Thursday, September 23, 2010

______, Trains & Automobiles, Part II

Continued from 9.12.10

As noted, I arrived at Pete (Parduba's) and Wowie's at around 11 PM, and the two were settled in the living room for what I imagined is their usual nighttime activity - Pete playing a really stunning online war simulator on his 350" plasma screen and Playstation 3, blowing away Afghanis and Wowie curled up next to him under an afghan.  

An aside: I've always been much more of a video game watcher than player, with the exception of driving games, which I really do love.  I still have some vestige of the hand/eye coordination and general puzzle-solving skills that a six or seven year period of my teenage years playing video games of all sorts (from the Star Wars arcade game to having my virtual mouth washed out with soap on the Apple ]['s Sherwood Forest.), so if someone hands me the controls I generally don't die and can get through a level, but I have no real stake in the things.  Their repetitive nature and hazy value is sort of lost on me.  So it's odd that I can spend hours and hours watching someone else play a video game and be perfectly entertained, but maybe it's a particular type of game, being an environmental game, that I can really just space out in.  If nothing else, it's a really good way to wind down from the road.

Part of my goal on the trip was to make the whole thing without car on my part.  In practical terms, this meant that I needed other people to shuttle my ass around for me.  I'd always intended for one leg of the trip - either down or back - to be by train.  Flipping a mental coin, I decided that would be the return trip.  The Dalto's drove me down, but since they were staying with family in Baltimore (Pete and Wowie live about fifteen minutes north), I decided also to take the train to the convention.

The convention was in Bethesda, and it turns out, there are no trains that go directly from Baltimore to Bethesda.  My plan was to take Maryland commuter rail (MARC) down to DC, then take the Metro out to Bethesda.  Great plan, except for the fact that MARC doesn't run on the weekends.  So it was going to be Amtrak from Baltimore to DC.  Pete and Wowie got me down to Baltimore Penn just in time to catch the 11:45, although it actually turned out to be just enough time to find that it was sold out, and that I had an hour to kill until the next train. 
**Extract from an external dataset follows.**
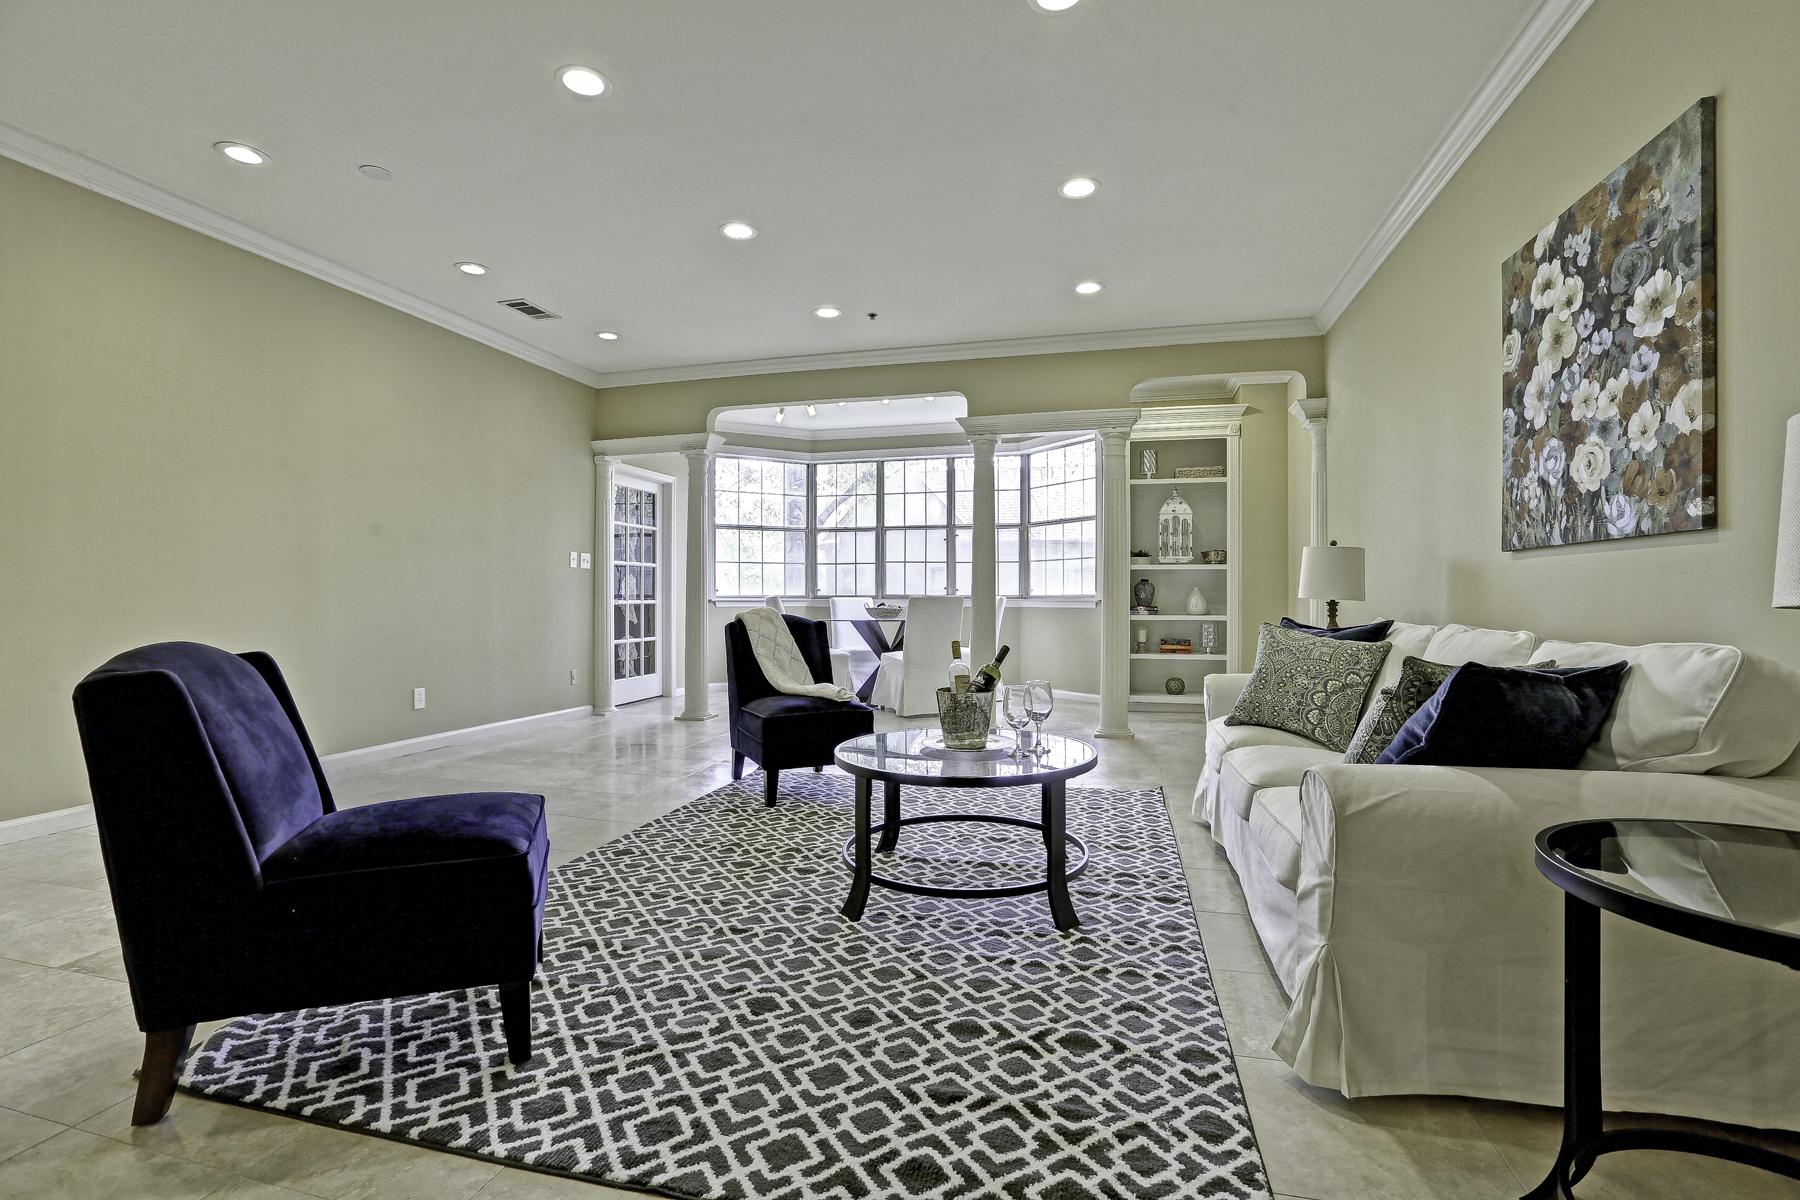 Nhà chung cư vì Bán tại Spacious Light-filled Upgraded Condo With Timeless Elegance 2499 Peachtree Road NE Unit 201 Atlanta, Georgia, 30305 Hoa Kỳ

I have to say: there are far worse places to have to kill time than a great old city main rail station.  I love the high ceilings, the tall windows, the wooden benches built for giants.  The sense of fleetness and activity, heavy machinery moving constantly by below with purpose and direction, all steam and electricity.  You can file this under the list of things people are supposed to hate that I rather perversely enjoy, such as the smell of gasoline and a trip to the dentist's for a good cleaning.

Plus: hey, free wi-fi.  I didn't end up using the wi-fi, since I couldn't be bothered to get up and ask what the password was, so I instead just used our little USB modem (what we call 'the dongle'), checked my mail, updated my Facebook with what I hoped was a facile enough status on the situation ('waiting in Baltimore for the next train.'), then dug in for an hour of Photoshop work.

My next status update was about 90 minutes later, commenting on my encounter with a DC Metro ticket machine: "the DC Metro ticket machine is the single most complicated thing I've ever seen."